Time course of thyroid-stimulating hormone (TSH) concentrations in survivors and non-survivors with cardiogenic shock. TSH levels (mean ± SEM) were measured at admission and at 24, 48, 72, and 96 h after hospital admission and revascularization. Survivors are shown in blue and non-survivors in green. While baseline TSH concentrations were comparable between groups, non-survivors exhibited a progressive decline over time, resulting in persistently lower TSH levels compared with survivors from 48 h onward. Cumulative TSH exposure over 96 h was lower in non-survivors (AUC0–96 = 51.8) than in survivors (AUC0–96 = 84.6), consistent with sustained suppression of the hypothalamic–pituitary axis. Dashed horizontal lines indicate the laboratory reference range (lower normal limit [LNL] = 0.4 mU/L; upper normal limit [UNL] = 3.5 mU/L). Asterisks (*) denote time points at which TSH levels differed significantly between survivors and non-survivors (p < 0.05).
Mean TSH concentrations by sex and age group values are presented as mean ± standard error.
TSH: thyroid-stimulating hormone.
Baseline fT3 averaged 4.12 ± 0.22 pmol/L (median, 3.95; range, 1.72–8.58). Age-related differences in fT3 concentrations were more pronounced than sex-related differences, with consistently higher values among patients aged <70 years throughout follow-up (Table 3). Concentrations declined in all patients, but the slope differed by outcome. Survivors showed a modest decrease (3.99–3.29 pmol/L; Δ = −0.70; p = 0.073; 95% CI, −1.49 to 0.05), whereas non-survivors had a steeper fall (4.28–3.19 pmol/L; Δ = −1.19; p = 0.011; 95% CI, −2.12 to −0.31; Figure 3).
Mean fT3 concentrations by sex and age group values are presented as mean ± standard deviation.
fT3: free triiodothyronine.

Time course of free triiodothyronine (fT3) concentrations in survivors and non-survivors with cardiogenic shock. Free triiodothyronine (fT3) levels (mean ± SEM) were measured at admission and at 24, 48, 72, and 96 h after hospital admission and revascularization. Both groups showed an early decline in fT3 concentrations. Over time, trajectories diverged, with lower fT3 levels in non-survivors at later time points. The dashed horizontal line indicates the lower normal limit of the laboratory reference range (LNL = 3.85 pmol/L).
Between-group differences in fT3 decline were significant (p = 0.045).
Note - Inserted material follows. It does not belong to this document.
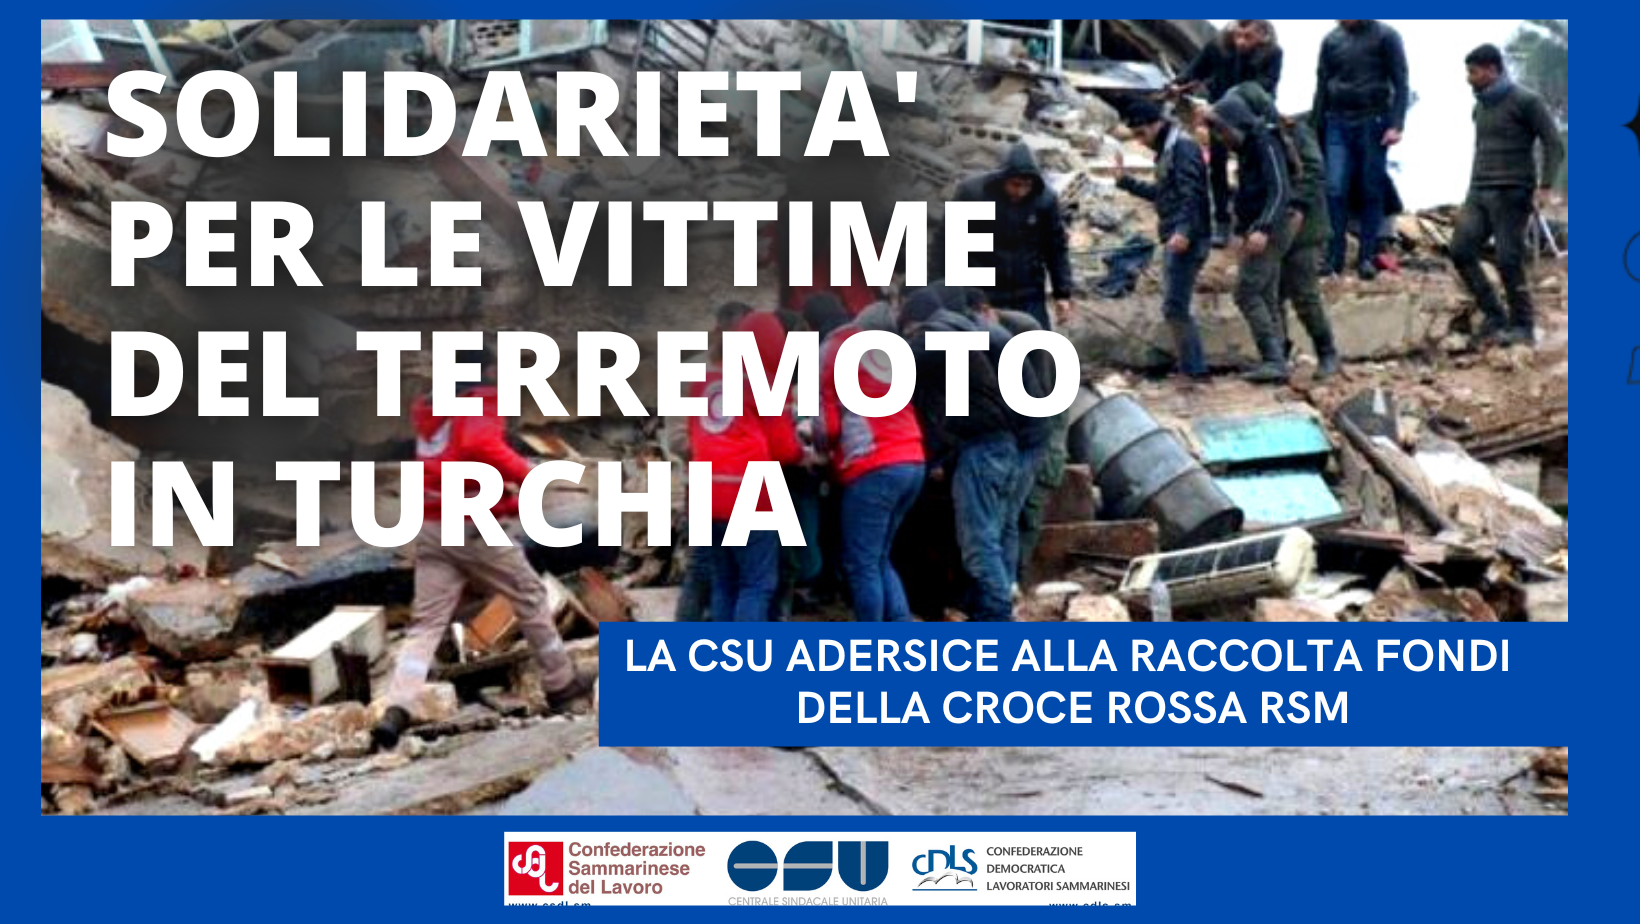 San Marino. Solidarietà per le vittime del terremoto in Turchia: la CSU aderisce alla raccolta fondi della CRS

Low T3 syndrome was observed in 29.4% of non-survivors compared with 8.7% of survivors; the distribution of survival status according to fT3 category is shown in Figure 4, corresponding to a relative risk of death of 3.37 (95% CI, 0.76–15.0; p = 0.11). This finding did not reach statistical significance.
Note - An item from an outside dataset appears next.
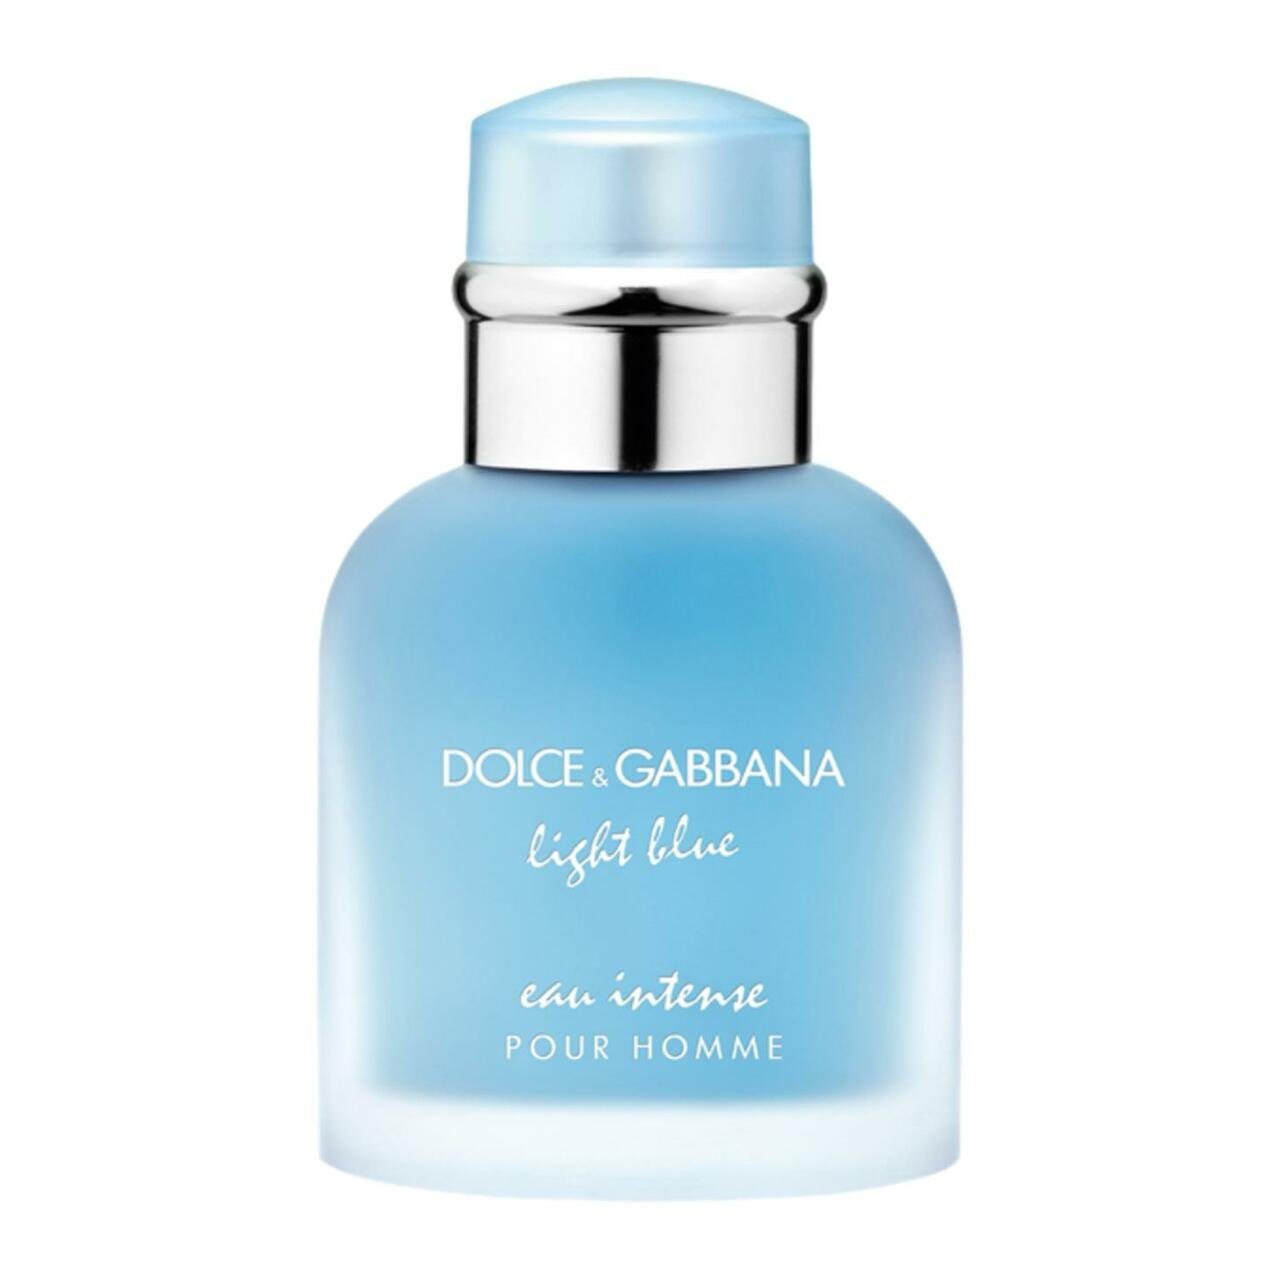 DOLCE & GABBANA Eau de Parfum Light Blue Pour Homme Eau Intense E.d.P. Nat. Spray

Distribution of survival status according to fT3 category. Patients were classified as having low T3 syndrome if their serum free triiodothyronine (fT3) concentration was <3.1 pmol/L at any point during the first 72 h. Bars represent the proportion of survivors and non-survivors within each fT3 category (<3.1 pmol/L vs ⩾3.1 pmol/L). Low T3 syndrome was observed in 29.4% of non-survivors (5/17) and 8.7% of survivors (2/23), corresponding to a relative risk of 3.37 (95% CI, 0.76–15.0; p = 0.11). This difference did not reach statistical significance.
Mean baseline fT4 was 15.05 ± 0.75 pmol/L (median, 13.95; range, 9.30–30.60), modestly above the reference range (7.7–14.2). Values declined gradually in both groups, falling below the lower limit of normal by 72 h. Between-group differences were not significant (p > 0.10; Figure 5). Broad interindividual variability, as summarized in Table 4, likely obscured subtle subgroup effects. Early suppression of fT3 and lower TSH levels were observed in non-survivors compared with survivors (Figures 2 and 3).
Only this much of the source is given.